What Should you Consider when Driving with a New Baby?
by Ed Scott
Driving home from the hospital with a new-born baby can be one of the most nerve-wracking journeys you’ll ever take – even though the idea has always been to not crash your car, there’s something about ferrying your new precious baby around that brings some added pressure.
The condition of your car could also add more pressure. If you own an old car that is unreliable and prone to breakdowns, this isn’t ideal with a newborn. Why not upgrade to a newer more reliable car before the baby is born. Find out how much your car could be worth with our car valuation tool.
So if you, or someone you know, is about to go through the life-changing experience of becoming a child’s taxi for the next couple of decades, here are some things to consider when driving around with a brand new baby…
Fitting a car seat is the first, and perhaps the most important, consideration when travelling with a new-born baby, or any child for that matter – and it’s vitally important to make sure that the seat is not only the correct size for the baby but also that it’s properly installed.
When buying a baby seat, don’t buy second hand as it may have been involved in an accident which may compromise its safety. Also be sure that it conforms to United Nations standard ECE regulation 44-03 or later – this should be clearly stated on the packaging.
All babies must be in rear-facing baby seats until they are over 15 months old, and weight-based car seats must be rear-facing until your baby weighs more than 9kg.
Unless the car seat has been specifically designed for use with a lap belt, or four-point harness, you can only use a child car seat if your car has diagonal, three-point seat belt to secure it with.
You must deactivate any front airbags before fitting a rear-facing baby seat into the front seat of your car, and never try to fit a child car seat in side-facing seats.
And because baby seats can sometimes be a real nightmare to install, make sure you practice fitting your seat until you’re confident it’s properly secured. Only then should you take your baby out in it.
Don’t get distracted
Having a new-born baby in the car, or any child for that matter can be a major distraction, particularly if you’re still at the panicky-parent phase, whereby if your baby stops gurgling for a couple of seconds you’ll quickly convince yourself they’ve also forgotten how to breathe.

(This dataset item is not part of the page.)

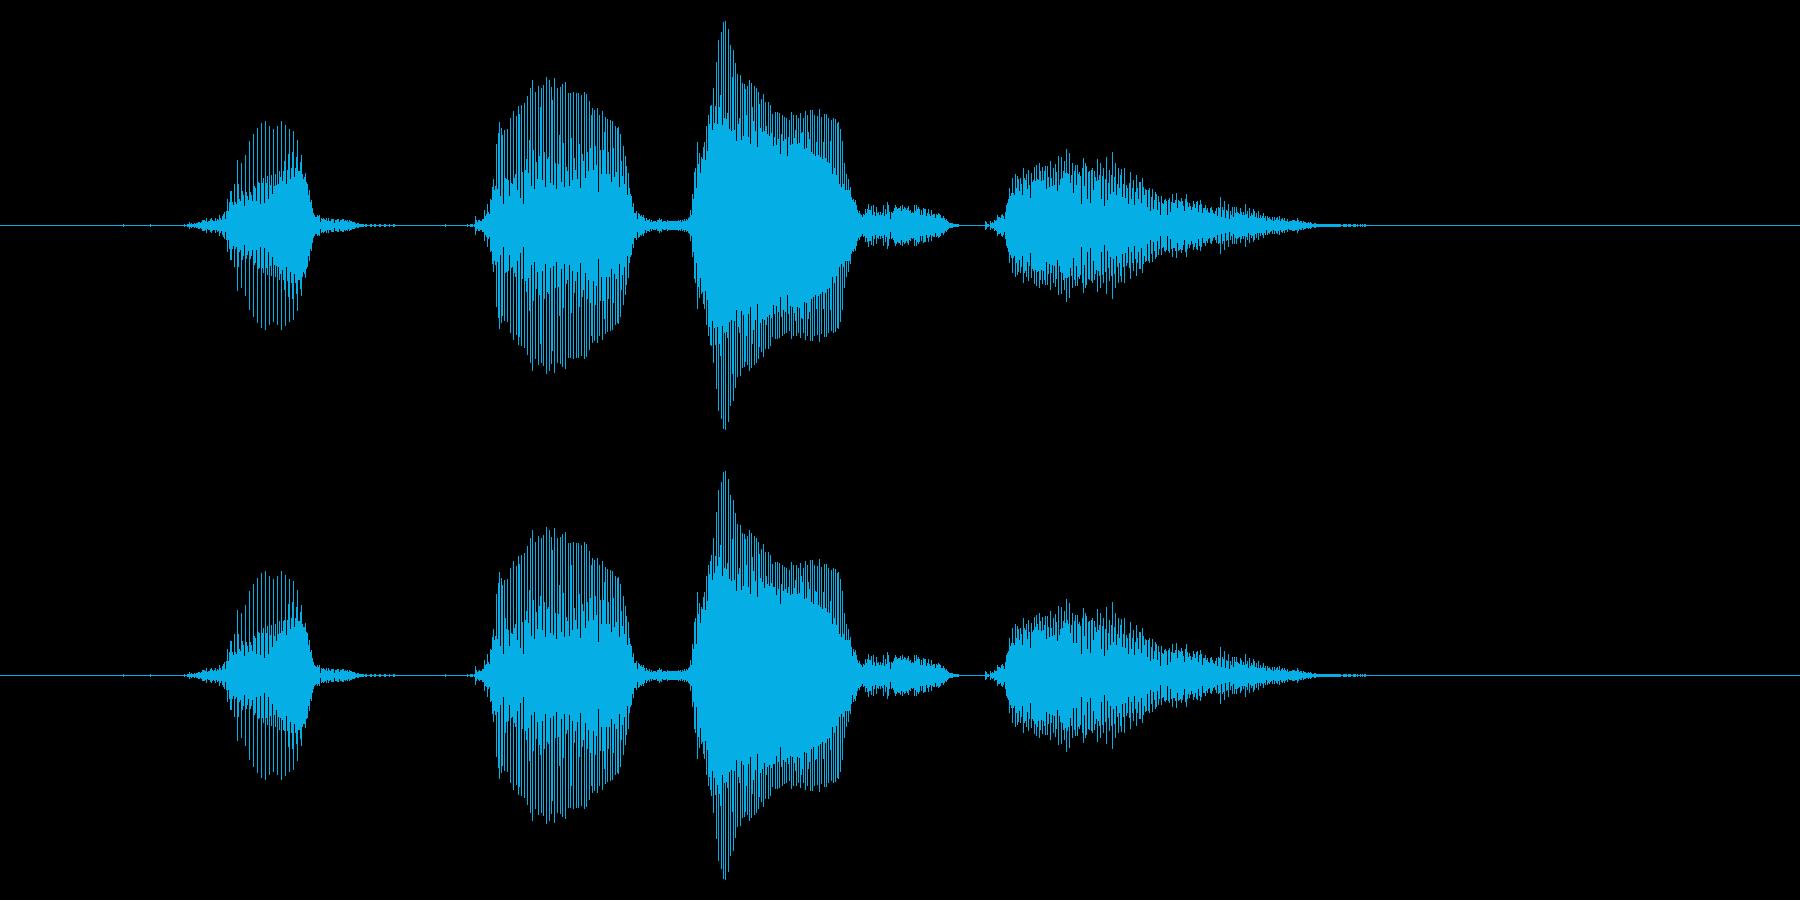 【行事・イベント・挨拶】はっぴーばーす…の再生済みの波形

They won’t have, don’t stress!
In all seriousness though, a recent study in Australia found that during a 16-minute drive, parents took their eyes off the road for an average of three minutes and 22 seconds – making having children in the car 12 times more distracting than talking on a mobile phone while at the wheel.
And when you consider that studies have shown drivers who use a mobile at the wheel have a 30% slower reaction time than drivers with a blood alcohol level of 80mg per 100ml of blood (the current UK limit), then you can see how dangerous a distraction a baby on board can be.
So even if your baby is playing up, keep your eyes on the road and pull over at the first, safe available opportunity.
Keep baby busy
Getting out of the house and into the car will never be the same again as you struggle with assorted baby paraphernalia, the car seat and, of course, the baby itself. And while it’s a chore, it’s important you pack all you’ll need before leaving to keep baby occupied, including toys, books, bottles and even the dreaded nursery rhymes CD.
A word of warning though: don’t give baby anything to play with that is heavy or has corners, even if they don’t seem particularly sharp, as such objects could harm them if you happen to have a crash.
It might also be worth packing a first aid kit that includes basic ointments for rashes, as well as any paracetamol suspension, saline drops, allergy relief or any other medication your baby may need.
And always pull over to feed your baby as feeding them on the move can provide an added choke risk – it really doesn’t take much to have a baby hacking up its milk.
Driving a newborn around can be stressful, particularly if they start crying while you’re at the wheel, but it’s important you stay calm and focused on the road ahead and pull over to tend to them as soon as it’s safe to do so.
And if you can put your journeys off until the baby is asleep, this will make things a whole lot easier and more pleasurable for everyone in the car, meaning your journeys will be less stressful and a lot safer.